**WHAT TO DO**
Take the lines in the listing below from the line with "Featured image for" up to and including the line with "MAGSAFE PENHOLD,Event Gift" and set them down exactly, skipping pictures and adding nothing.

**DATA IN THIS EXERCISE**
==========
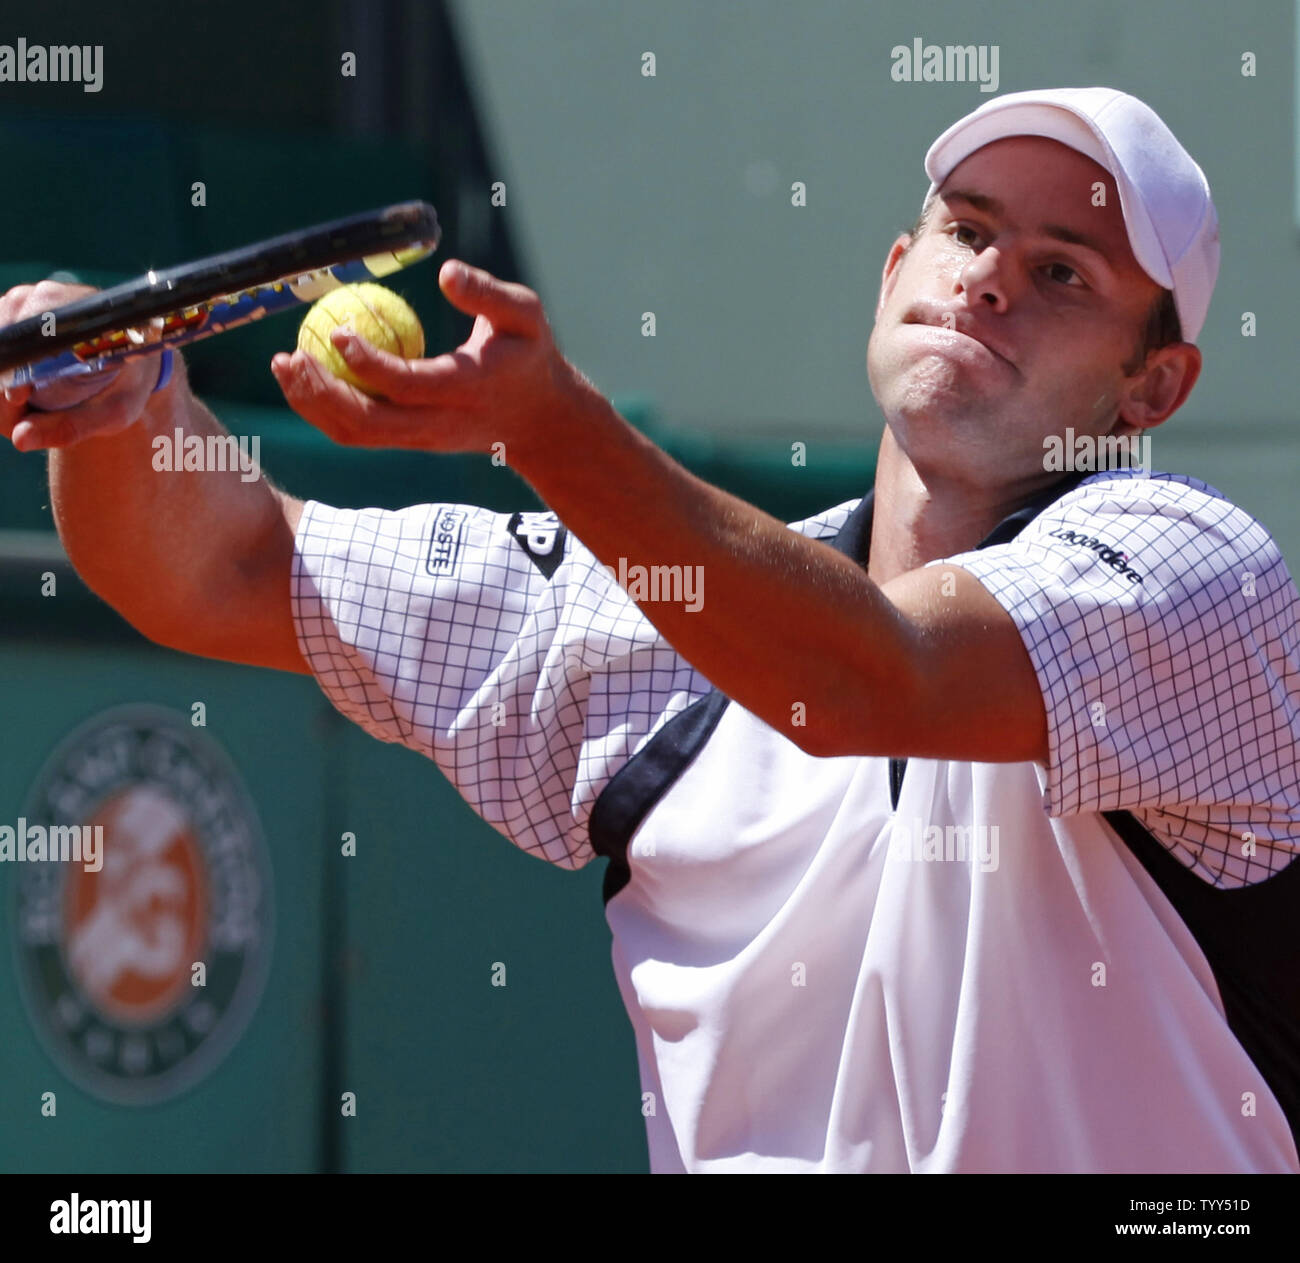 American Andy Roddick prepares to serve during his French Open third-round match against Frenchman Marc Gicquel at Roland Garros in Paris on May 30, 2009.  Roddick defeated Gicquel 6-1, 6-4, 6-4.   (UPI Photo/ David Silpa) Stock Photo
==========
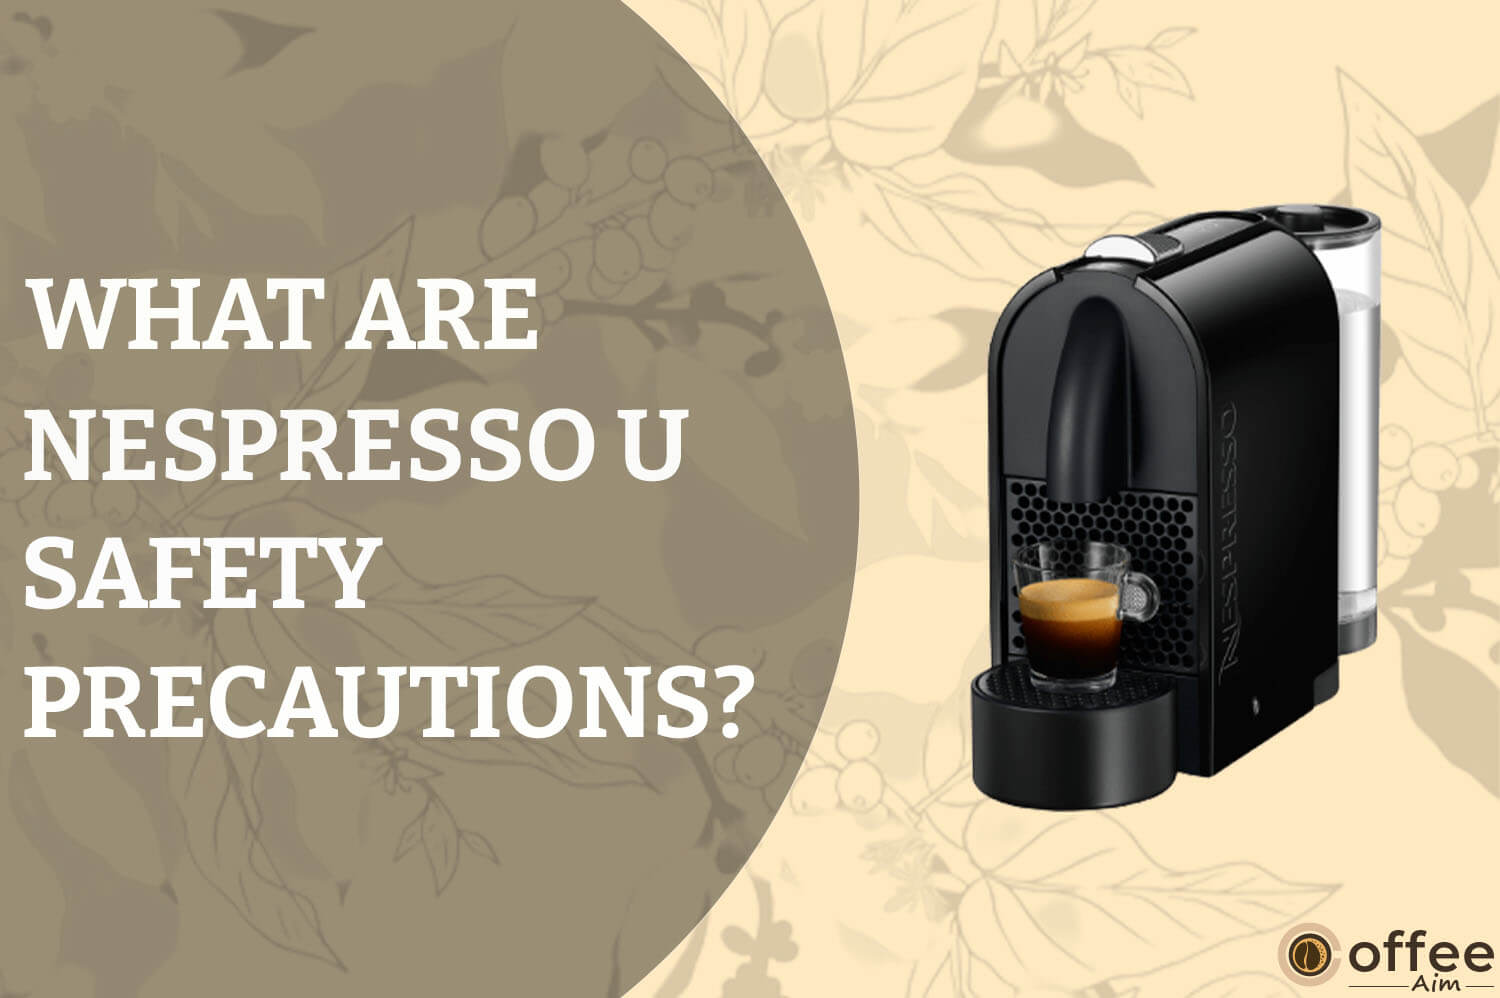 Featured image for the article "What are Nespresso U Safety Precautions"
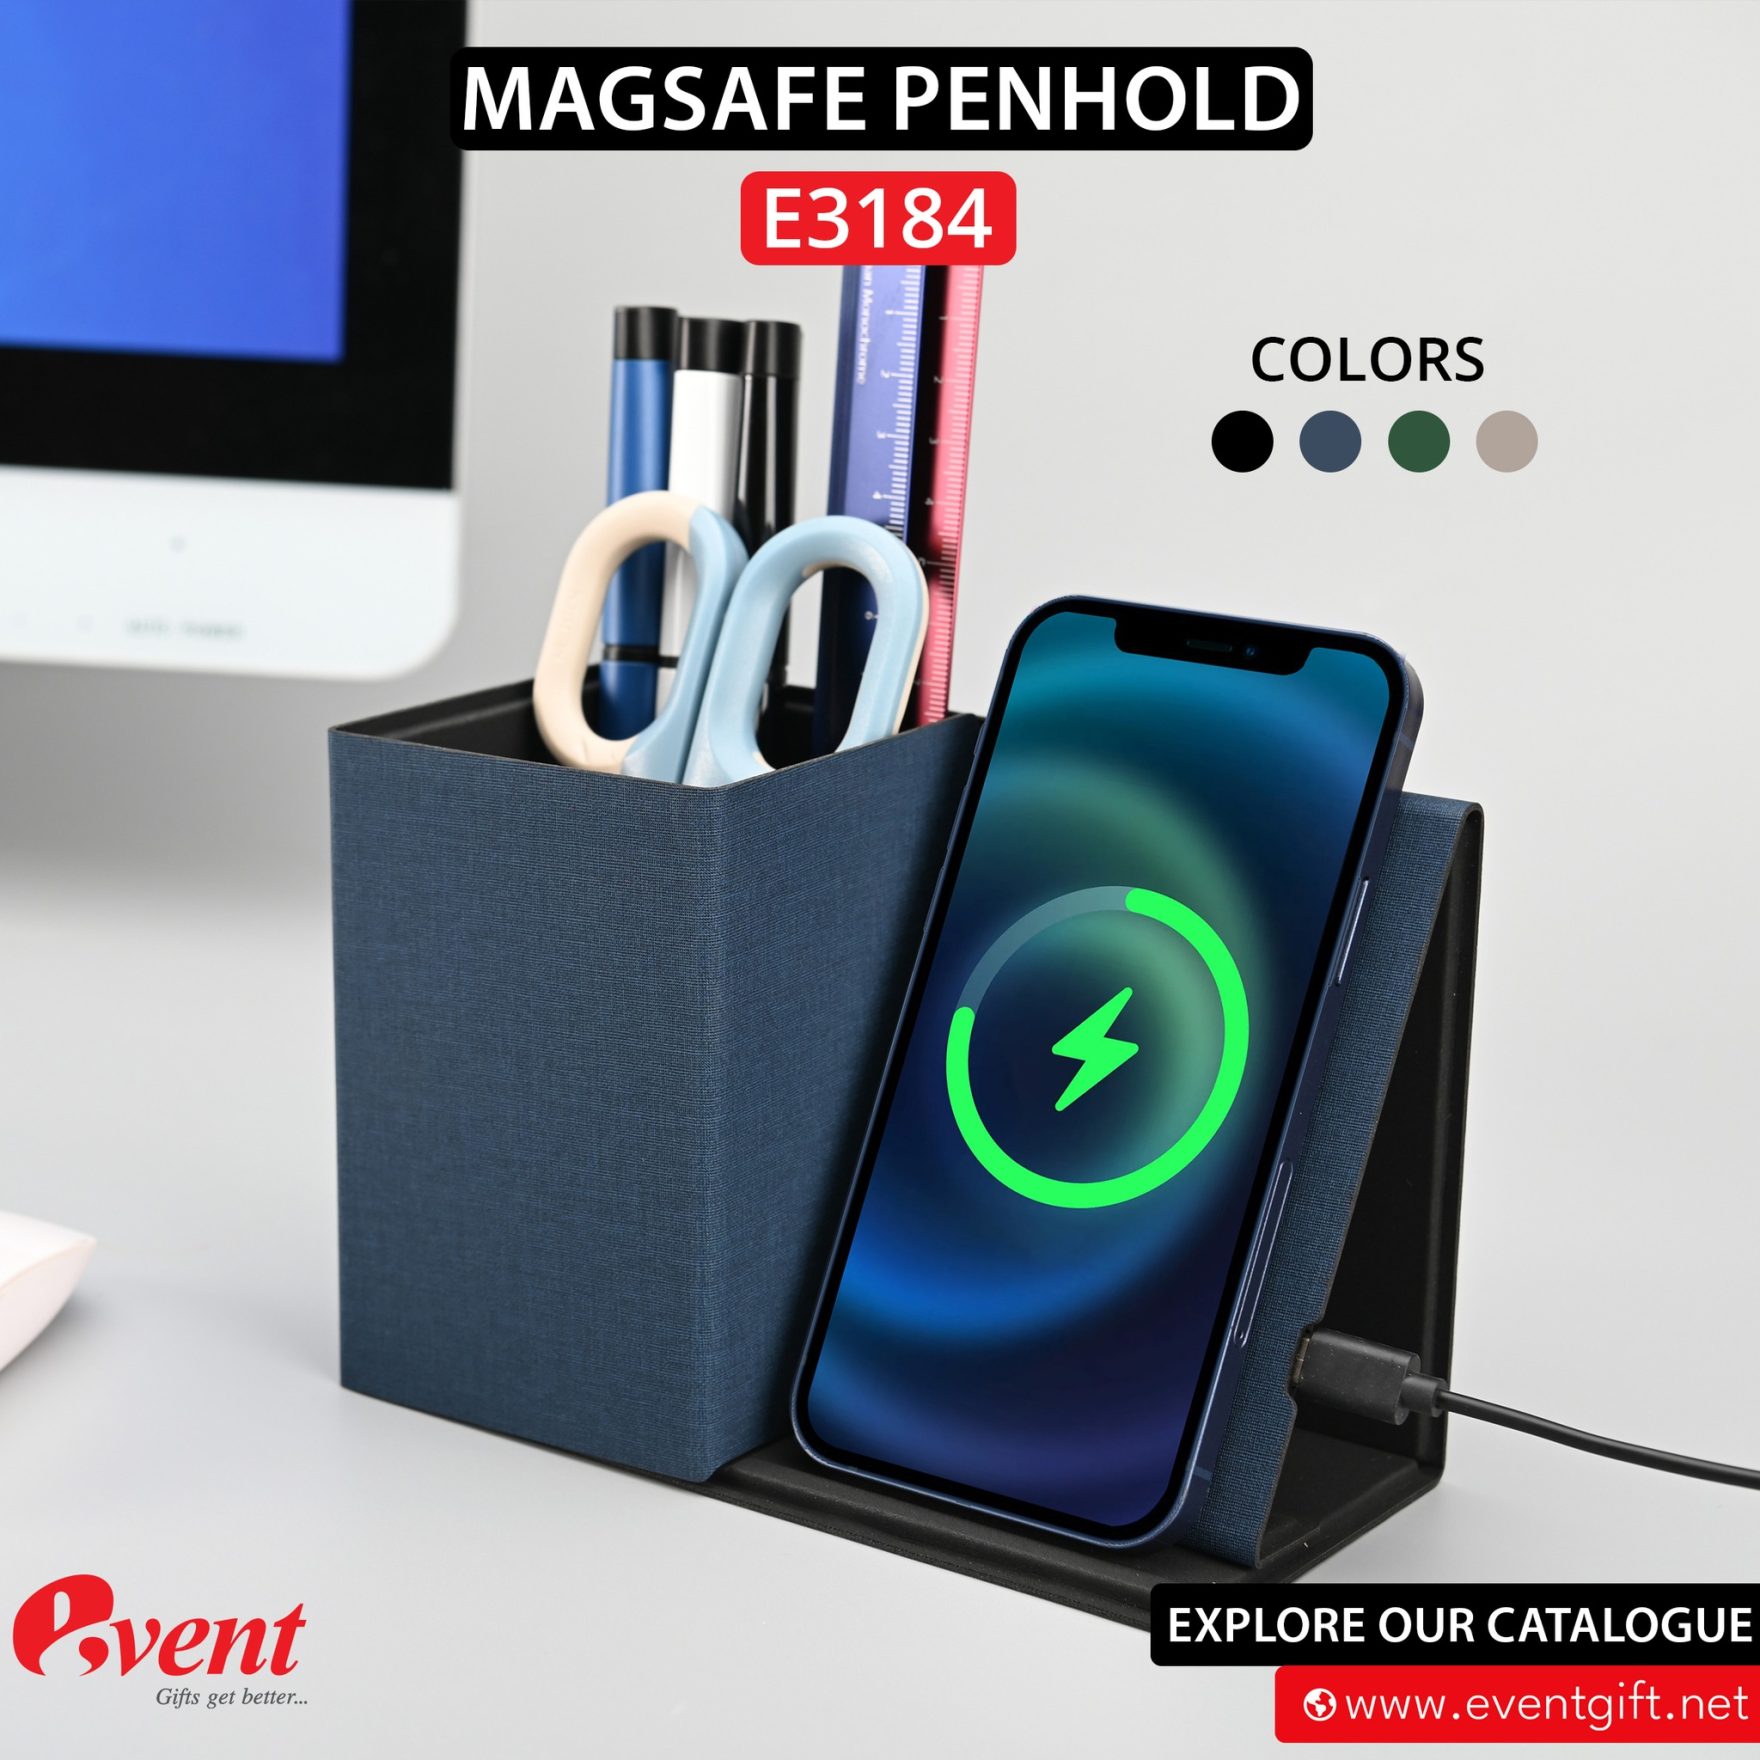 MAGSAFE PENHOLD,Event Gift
==========
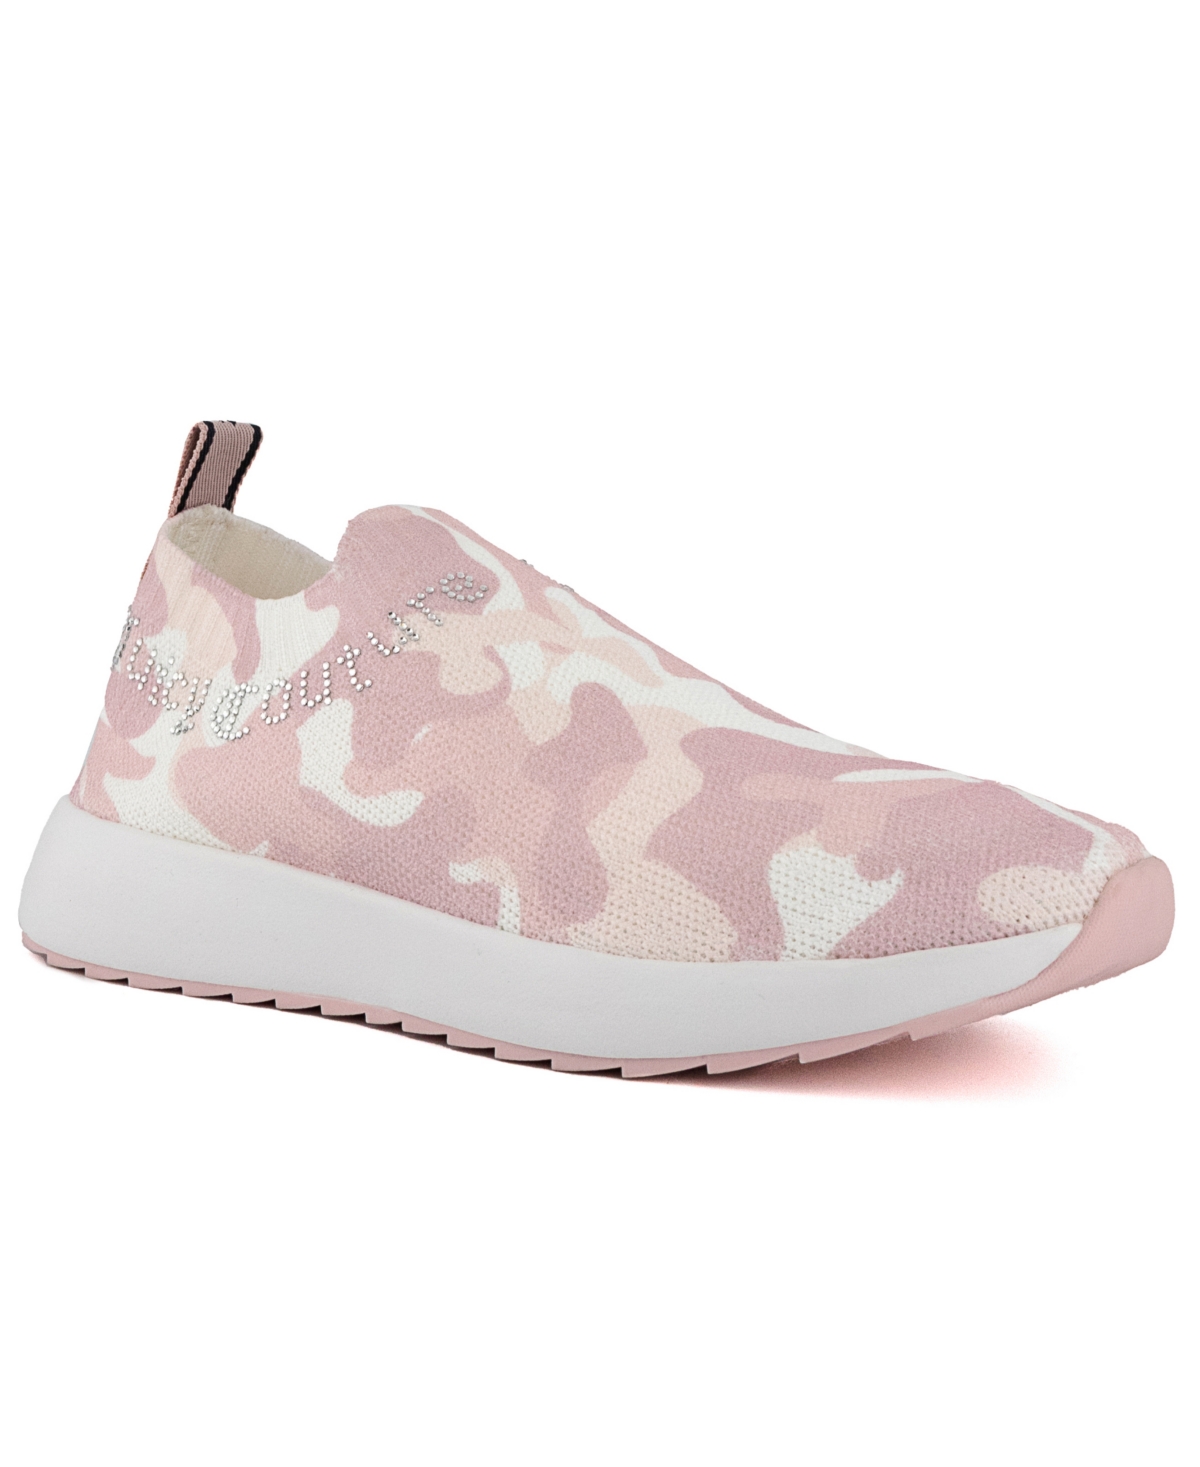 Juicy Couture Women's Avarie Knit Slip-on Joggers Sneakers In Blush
==========
**RESPONSE**
 Featured image for the article "What are Nespresso U Safety Precautions"
 MAGSAFE PENHOLD,Event Gift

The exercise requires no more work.